FinBERT is included in transformers, so you can simply use the model as usual:
model = transformers.BertForMaskedLM.from_pretrained("TurkuNLP/bert-base-finnish-cased-v1")
model.eval()
if torch.cuda.is_available():
model = model.cuda()
tokenizer = transformers.BertTokenizer.from_pretrained("TurkuNLP/bert-base-finnish-cased-v1")
Use "bert-base-finnish-uncased-v1" if you want to use the uncased model.
This is mostly a "note-to-self" on how the model is converted from tensorflow checkpoint to the huggingface/transformers format.

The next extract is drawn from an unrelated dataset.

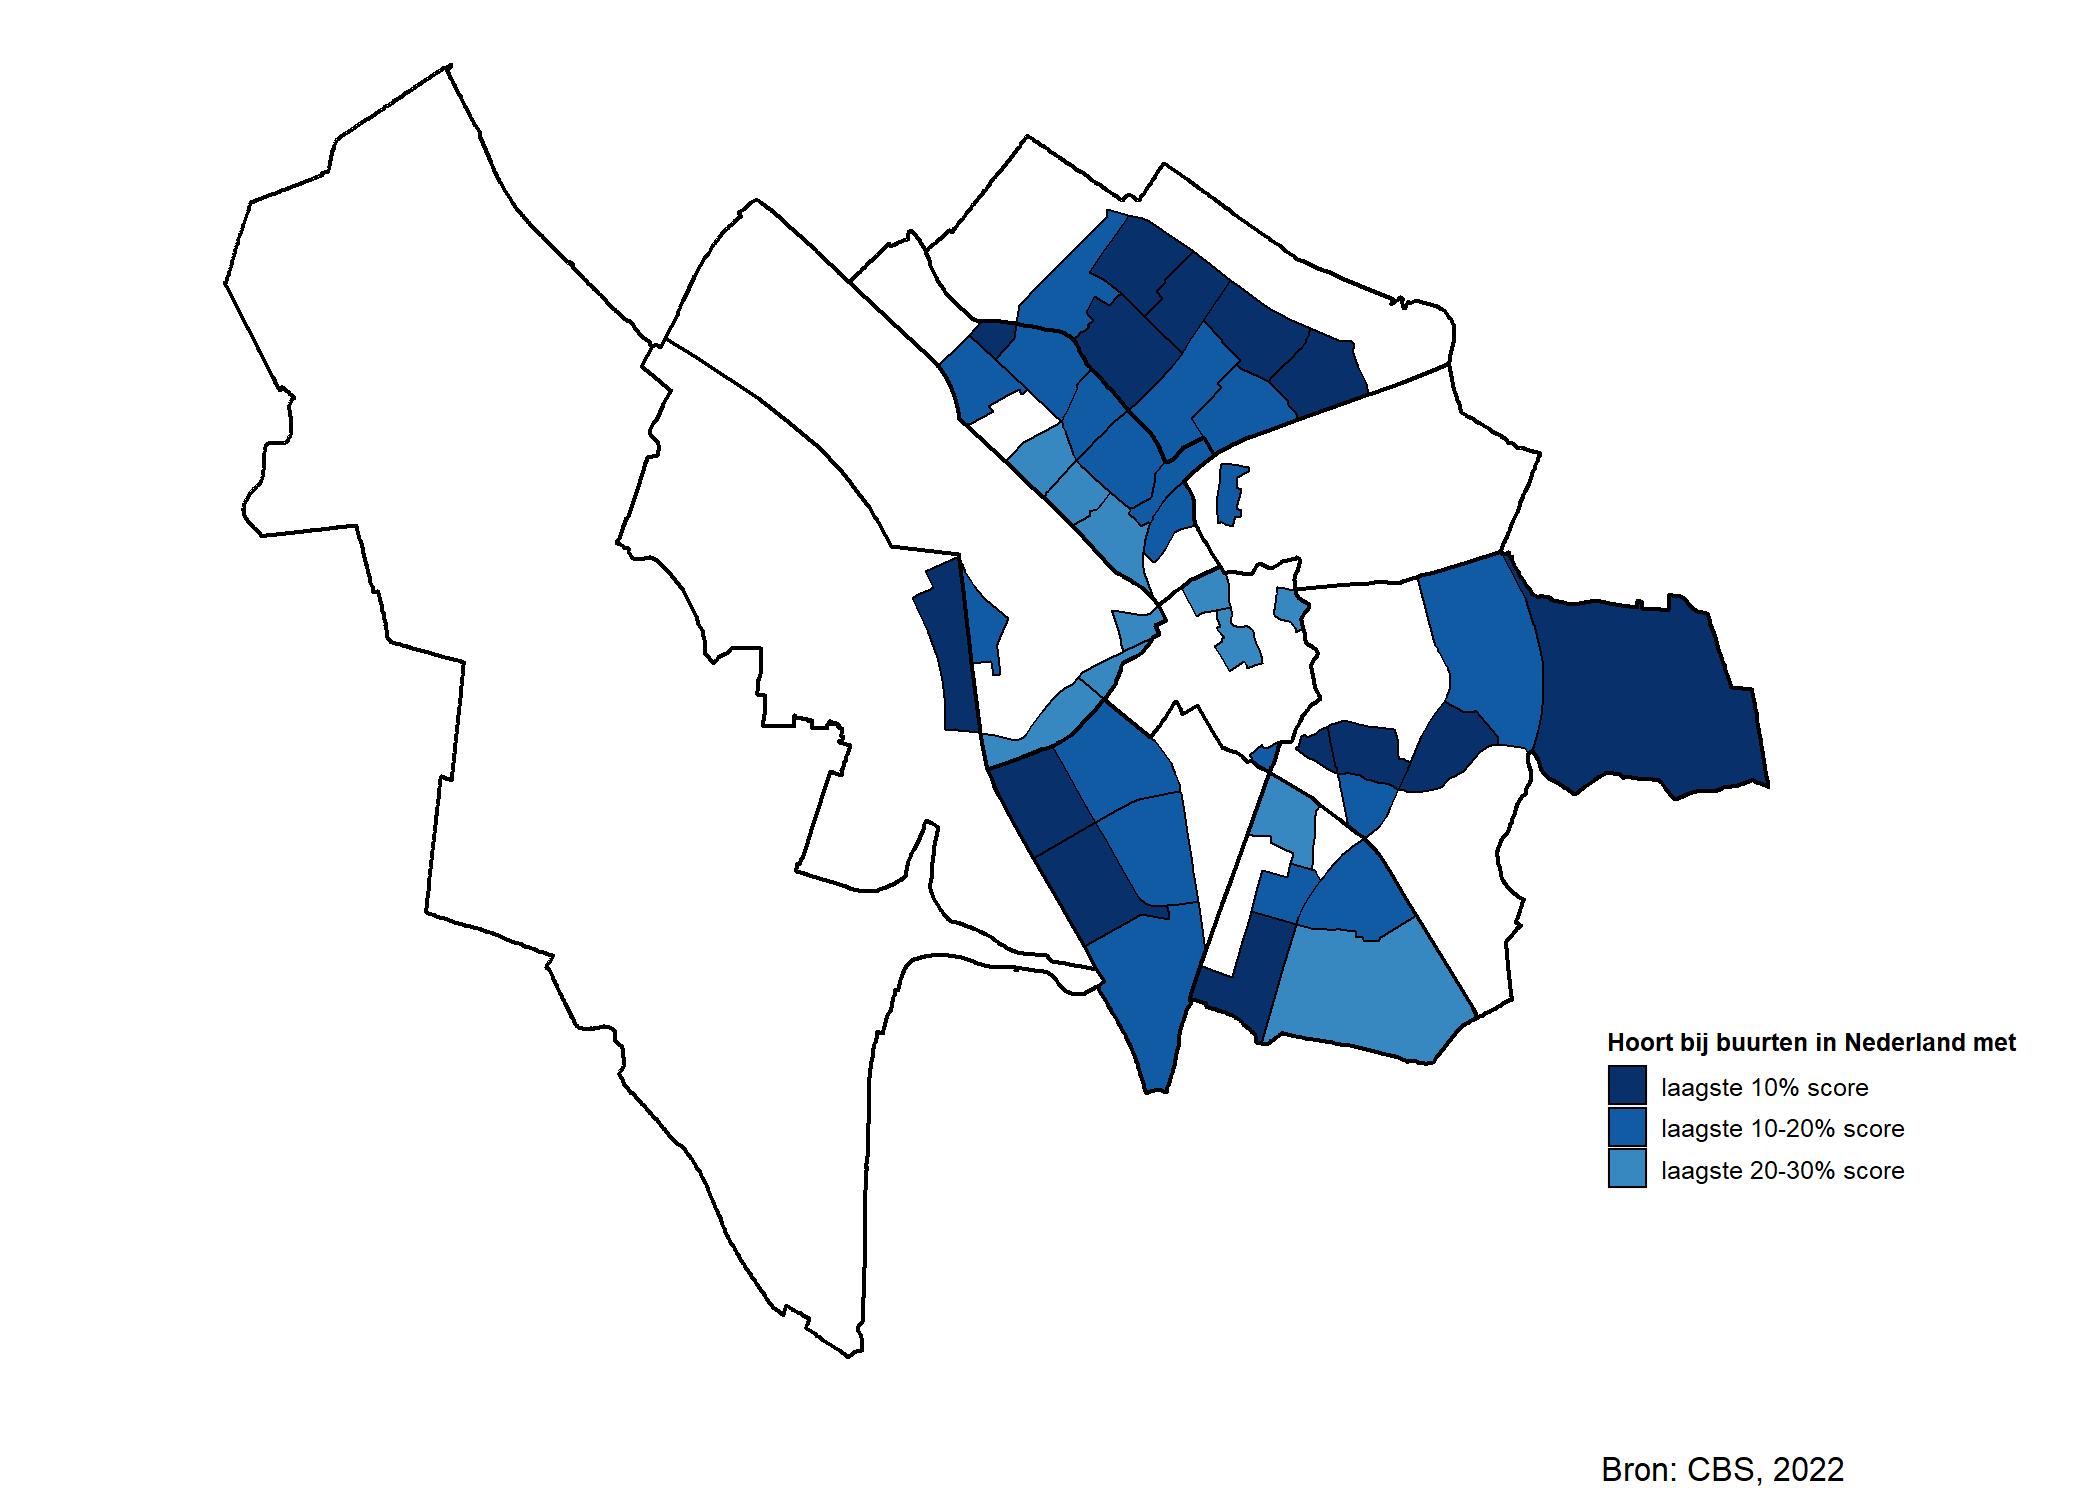 Voornamelijk in Noordwest, Overvecht, Zuid en Zuidwest vallen buurten die horen bij de laagste 10%, 10-20% en 20-30% score van Nederland.

python3 -m venv venv-transformers
source venv-transformers/bin/activate
pip3 install torch torchvision torchtext tensorflow-gpu
Then you can convert the model as follows:
Note: If you get the error 'BertForPreTraining' object has no attribute 'shape' then you may need to edit venv-transformers/lib64/python3.6/site-packages/transformers/modeling_bert.py
as instructed in this issue.
mkdir bert-base-finnish-cased-transformers-v1
python3 -m transformers.convert_bert_original_tf_checkpoint_to_pytorch --tf_check bert-base-finnish-cased/bert-base-finnish-cased-v1 --bert_config bert-base-finnish-cased-v1/bert_config.json --pytorch bert-base-finnish-cased-transformers-v1/pytorch_model.bin
cp ./bert-base-finnish-cased-v1/bert_config.json bert-base-finnish-cased-transformers-v1/config.json
cp ./bert-base-finnish-cased-v1/vocab.txt bert-base-finnish-cased-transformers-v1/